Summary of this article
Severance pay taxed as salary under “profits in lieu of salary” rules
No special tax rate; normal slab rates apply to severance income
Section 89(1) relief can reduce tax on lump sum payouts
Exemptions apply only if structured components like gratuity, VRS included
Layoffs have been in the news since Oracle, an American multinational technology company, laid off thousands of employees by mailing them at six am. Though it is not verified, some reports suggest that employees will get six months' salary as severance pay. In this story, we look at how severance pay is taxed.
Severance Pay Taxed As Salary
Severance pay for any company during a layoff, just like Oracle, is taxed as “profits in lieu of salary” and taxed under income under the head salary and taxed at the normal slab rate applicable to the taxpayer. “However, if the package includes components such as gratuity or leave encashment, that part of income shall be adjusted for the amount till which it is exempt from taxation under the respective laws, but they should be separately mentioned in the package,” says Ritika Nayyar, partner, Singhania & Co.
There is no special lower tax rate merely because the payment arises from a layoff. It is taxed like a regular salary.

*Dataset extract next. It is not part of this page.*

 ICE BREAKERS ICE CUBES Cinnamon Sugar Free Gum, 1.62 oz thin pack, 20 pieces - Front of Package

An exemption up to Rs 5 lakh is available under Section 10(10C), but only where the payment is made under a valid voluntary retirement scheme that satisfies prescribed conditions. “In most layoff situations, this benefit is not available unless the scheme is properly structured to meet those conditions. One should not go merely by the label. Actually, the structure of the scheme is what matters,” says Vishal Gehrana, advocate on record associated with Karanjawala & Co.

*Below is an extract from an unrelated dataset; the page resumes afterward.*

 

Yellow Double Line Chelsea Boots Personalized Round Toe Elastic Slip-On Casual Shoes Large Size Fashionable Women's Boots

Relief under Section 89 (1) can be claimed where severance compensation leads to a higher tax incidence due to bunching of income in a single year. “The relief mechanism spreads the income notionally over preceding years to mitigate rate escalation. Filing of Form 10E is mandatory before claiming such relief. Courts have generally upheld its applicability to compensation falling within “profits in lieu of salary,” subject to factual satisfaction,” says B. Shravanth Shanker, managing partner, B. Shanker Advocates.
Spread Payments To Ease Tax Burden
“There is no special exemption available just because the income is severance. It is taxed like a salary, so only general tax-saving options can be used. Deductions under Sections 80C, 80D, and 80CCD may be claimed within their limits. These include investments such as provident funds, insurance, pension contributions, and health insurance,” says Gehrana. These will, of course, apply only under the old tax regime.
“However, in situations like these, the Act provides various reliefs, such as a retrenchment exemption up to Rs 5 lakh, a voluntary retirement scheme exemption up to Rs 5 lakh, a gratuity exemption up to Rs 10/20 lakh (depending on your organisation coverage), a leave encashment exemption up to Rs 25 lakh, etc.,” says Nayyar. Additionally, one also has the option of taking relief under section 89(1) as well. One can calculate various scenarios and opt for the one that gives maximum relief, provided no double benefit is claimed on the same income.
If the employer agrees, spreading the payment over more than one financial year may reduce the tax burden. However, this depends on mutual agreement and is not a legal entitlement.
“A practical caution must be kept in mind. Employers usually deduct tax at source on such payments, but that is only a provisional deduction. The final tax liability is determined when the return is filed, where relief under Section 89(1) or eligible deductions can still be claimed,” says Gehrana.
As the old saying goes, one should not judge a book by its cover. In taxation of severance, what the payment is called matters far less than how it is structured and what it represents in substance.
“Proper tax planning must align with the substance of the employment termination terms,” says Shanker.